Keywords: Dopamine active transporter, impulsivity, Internet addiction, met5 allele, met7 allele, methylation loci

How to cite this article:
Cerniglia L, Cimino S, Lodha P, Karia S, Desousa A. An exploratory study on the psychological and epigenetic correlates of internet addiction. Ann Indian Psychiatry 2021;5:57-60

How to cite this URL:
Cerniglia L, Cimino S, Lodha P, Karia S, Desousa A. An exploratory study on the psychological and epigenetic correlates of internet addiction.
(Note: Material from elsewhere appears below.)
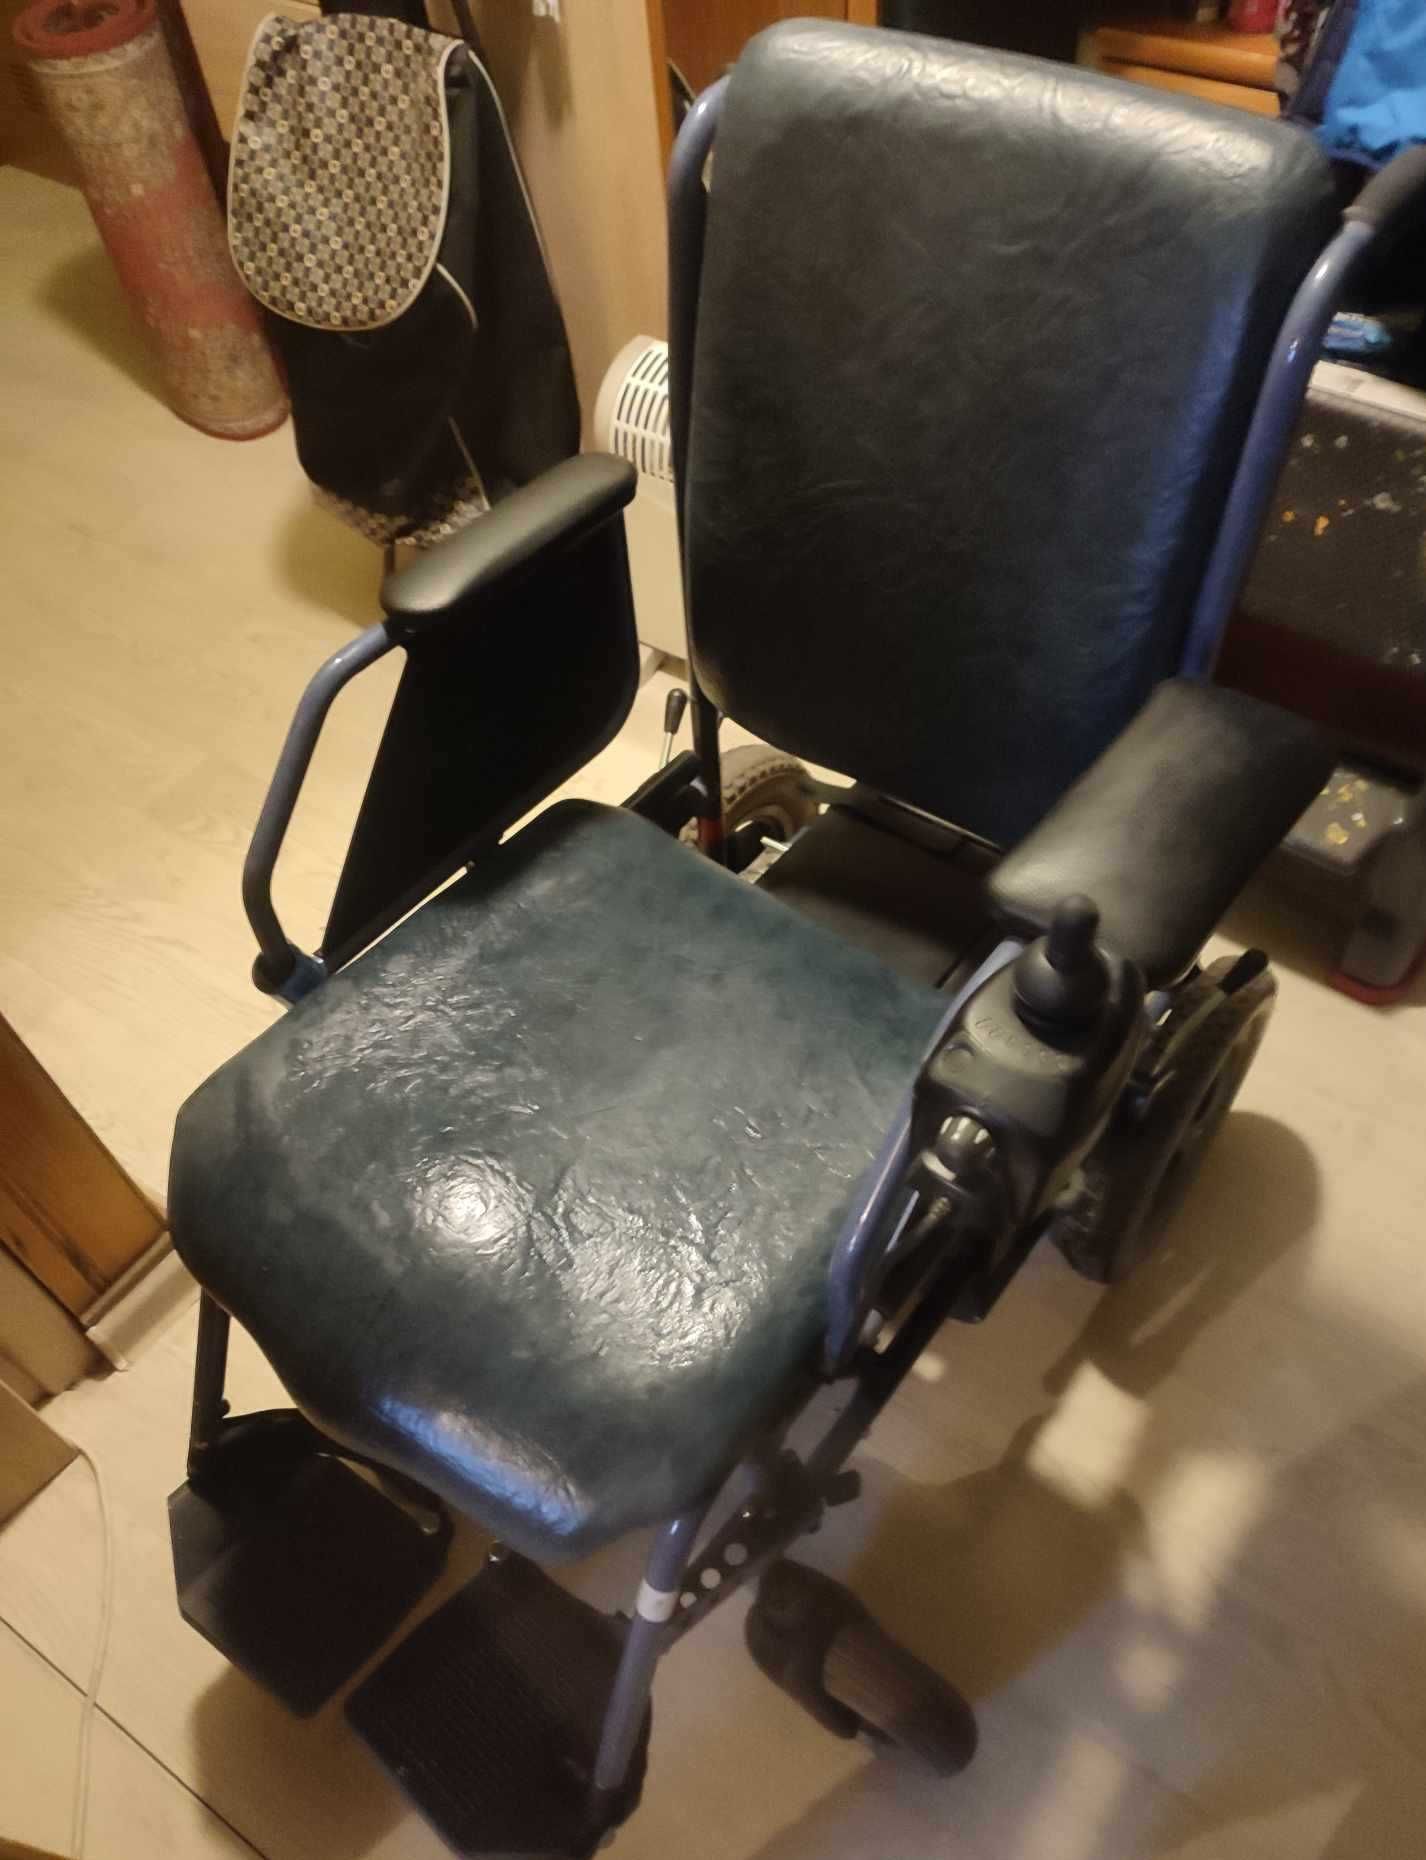 Piękny wózek inwalidzki. Serdecznie Polecam

Ann Indian Psychiatry [serial online] 2021 [cited 2022 Sep 30];5:57-60. Available from: https://www.anip.co.in/text.asp?2021/5/1/64/311032

  Introduction Top

Half of the world's population has access to the Internet and uses it for entertainment, work, social interaction, and several other purposes.[1] Although the Web has been originally intended to simplify and improve everyday life, according to Griffiths' definition of “;technological addictions,”[2] research has widely reported negative consequences due to its excessive and/or maladaptive use.[3] These outcomes may include loss of control over the time spent on the Internet, social and relational problems produced by the preference for being online rather than interact in face-to-face activities, impaired school or work results connected with neglecting these realms, and negative health consequences, again associated with a disproportionate time spent online.[4] Problematic Internet use has not so far been defined as clinical diagnosis; rather, it is currently considered as a potentially pathological behavioral pattern characterized by loss of control over the behavior, conflict (internal and interpersonal), preoccupation with the Internet, use of the Web to modify mood, and withdrawal symptoms.[5]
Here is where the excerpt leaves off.